The first hint that things may not be as they seem may be gleaned from the fact that the very Rabbi ‘Aqiva who terms this mitzva the këlal gadol baTorah also says elsewhere (Bava Mëtzi‘a 62a) chayyecha qodëmin lëchayyei chavercha (“Your life takes precedence over your comrade’s life”), i.e. the Torah does not oblige us to commit certain suicide to save another; his blood is not redder than ours. But if this is so, what of loving our fellow as ourselves? It seems that the ahava of ahavath Yisra’él may not be the same as our amour propre after all.
Another insight may be gleaned from the famous story of Hillel and the potential convert found in Shabbath 31a. The convert asked Hillel to teach him the entire Torah while standing on one foot, and Hillel replied: Ma dë‘alach sanei la ta‘beid lëchavrach – zo hi’ kol haTorah vë’iddach peirusha. Zil gëmor! (“What is hateful to you do not do to your comrade — this is the entire Torah and the rest is the commentary. Go, learn!”)
The këlal gadol, kol haTorah, then, consists in doing no harm. In the same way that no sane human being deliberately harms his own interests, so are we enjoined not to harm those of others. The first rule of love is that we must not hate.

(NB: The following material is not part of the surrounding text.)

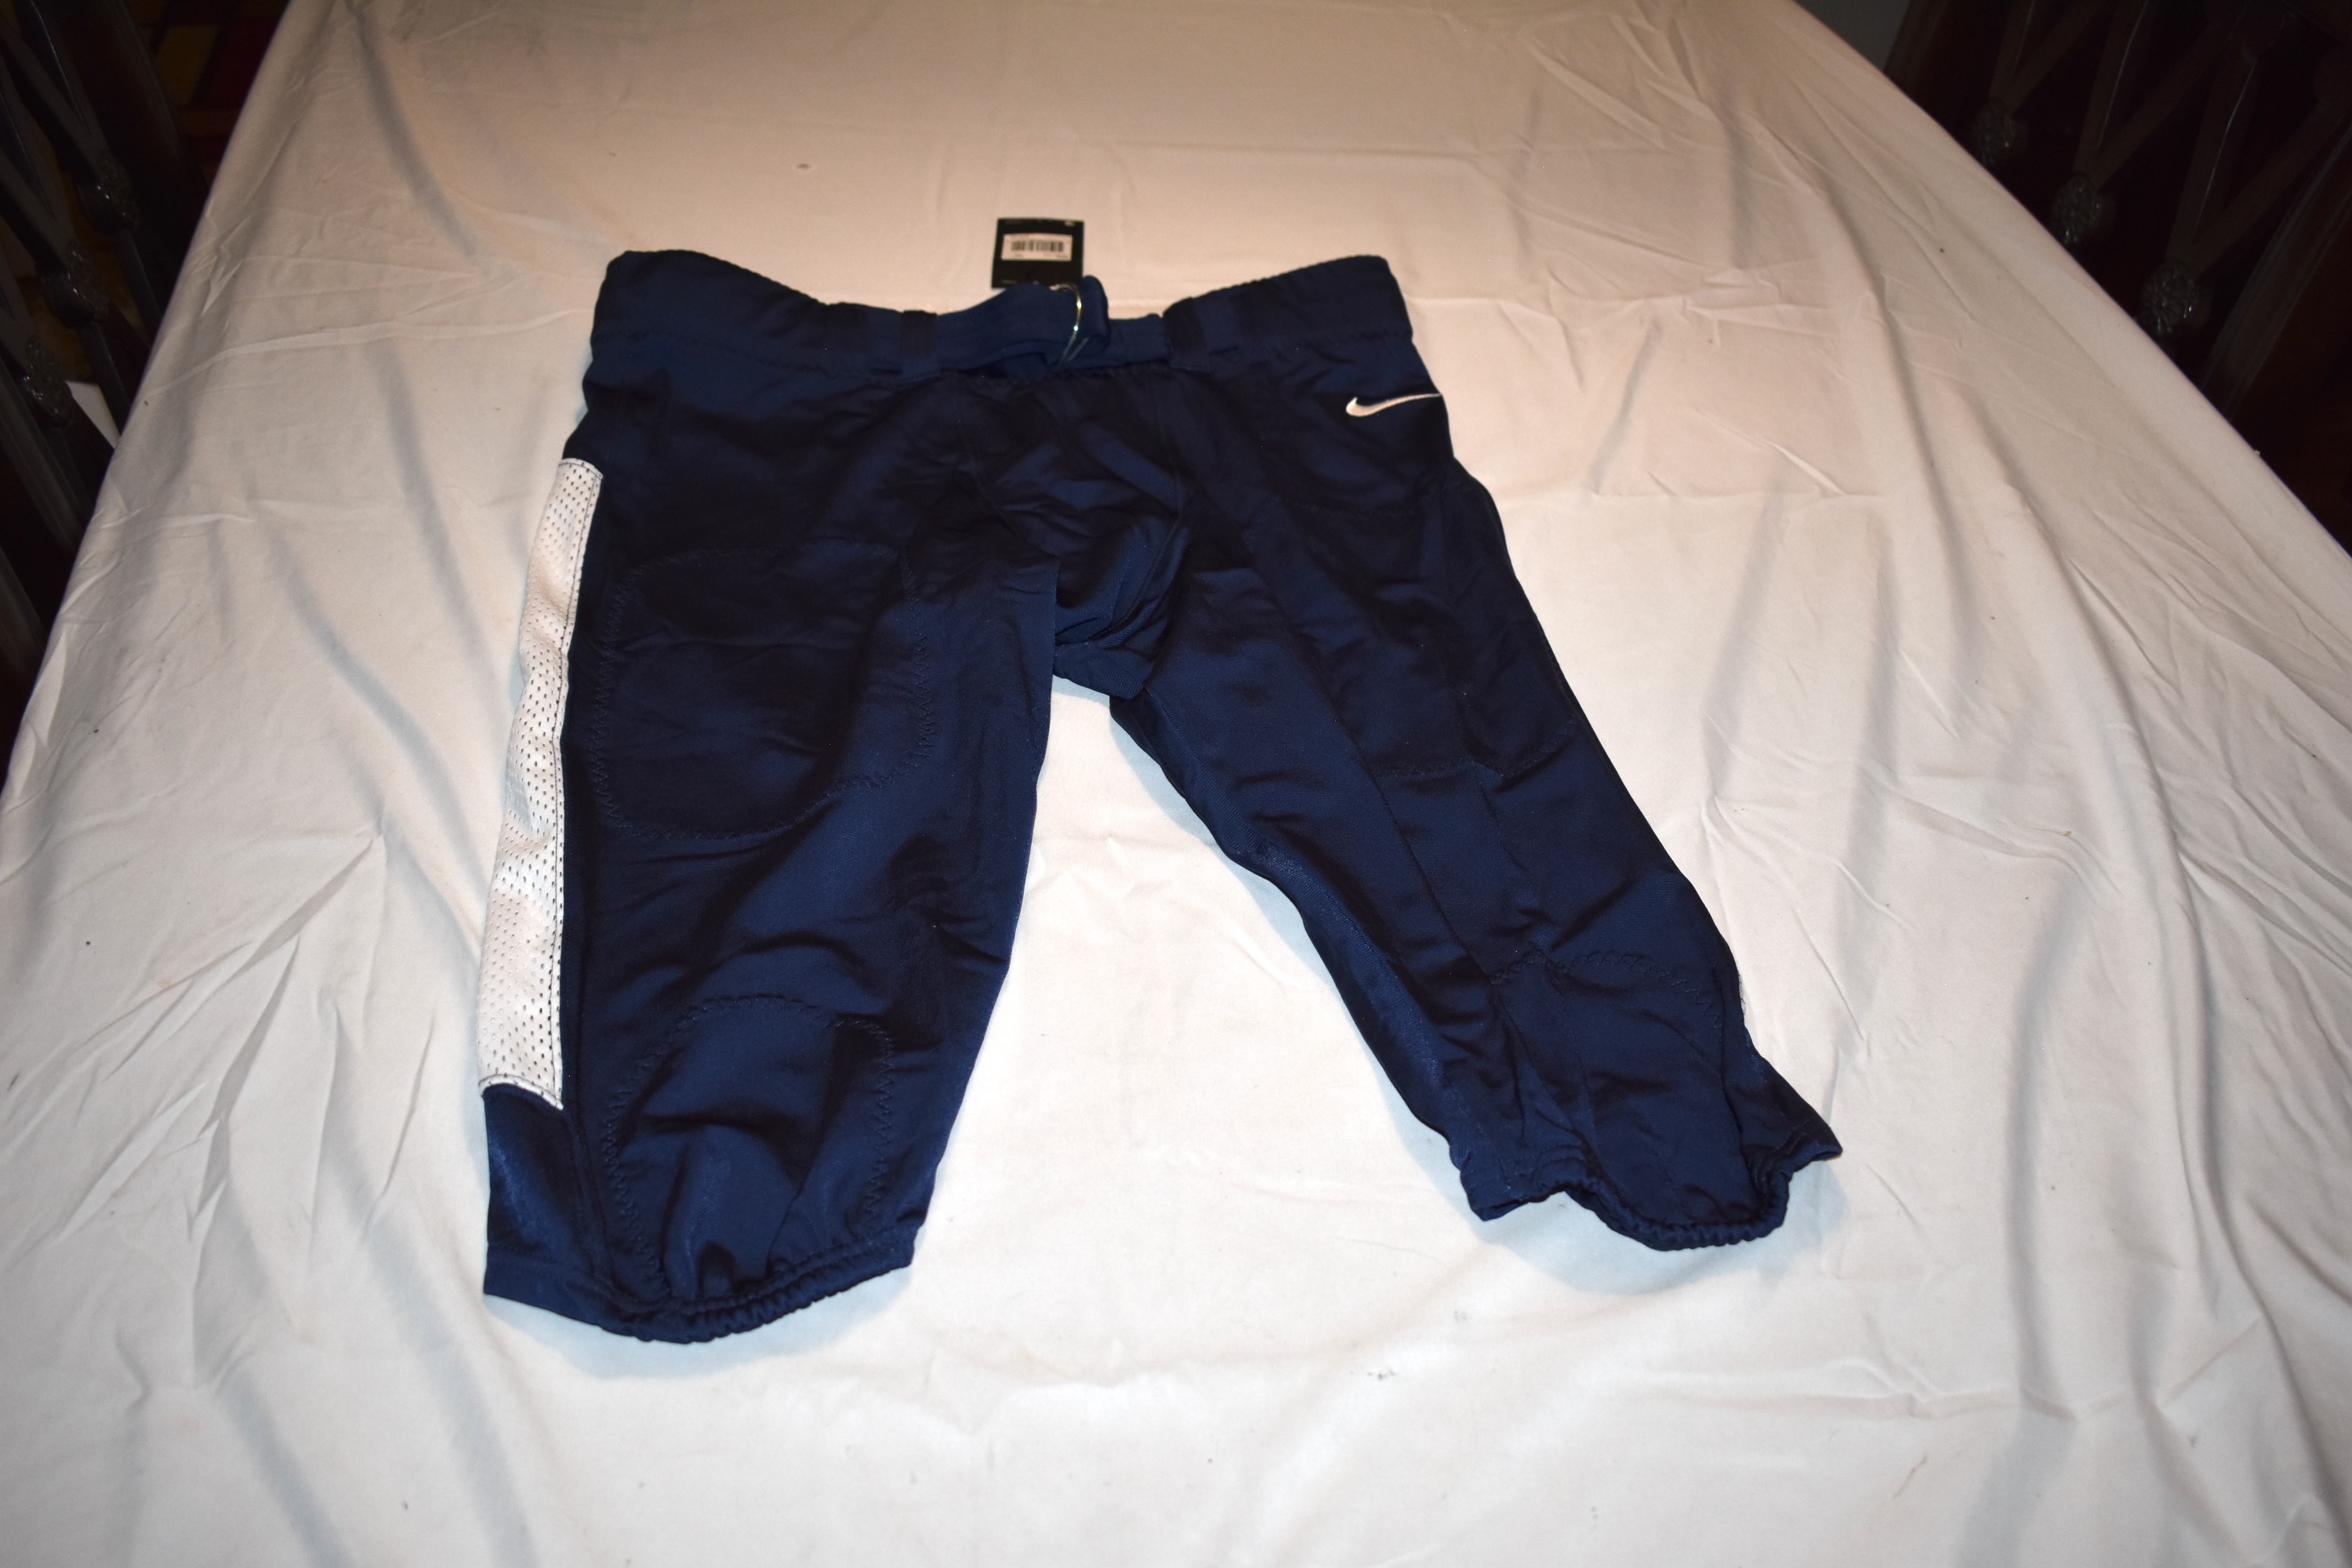 NEW - Nike Vapor Vented Performance Football Pants, Blue/White, XXL - NWT

This provides us with the link between the first half of the verse and its sublime conclusion. The Talmud (Yoma 23a) defines what the Torah means by nëqama (“revenge”) and nëtira (“grudge-bearing”) as follows: Suppose that Rë’uvén wants to borrow a tool from Shim‘on, and Shim‘on refuses to lend it. That is bad enough. But if later the shoe is on the other foot, and Shim‘on now needs to borrow something from Rë’uvén, and Rë’uvén refuses on the grounds of Shim‘on’s earlier refusal, tit-for-tat, this is called nëqama.
Now imagine the same initial scenario, in which Shim‘on refused to lend to Rë’uvén. If, when Shim‘on approaches Rë’uvén to borrow an item, Rë’uvén lends it to him, but says, “I’m not like you; when I asked you, you wouldn’t lend to me” this is called nëtira.
It will be realized that either of these conditions serves to perpetuate hard feelings and hostilities. For that reason, the Torah proscribes them, and in the same breath calls the absence of such feelings love for one’s fellow. As the Rambam points out, this has nothing to do with righting wrongs or seeking justice, save that justice must be pursued for its own sake, not out of hatred for the wrongdoer. Only thus can we come to correct the condition of sin’ath chinnam (“groundless hatred”). This, the Rabbis tell us (Yoma 9b), is responsible for the loss of the Béyth haMiqdash, the Temple, whose very name implies that it was and again will be the spiritual center of the mamlecheth kohanim vëgoy qadosh.
Vë’ahavta lëré‘acha kamocha, uqëdoshim tihyu!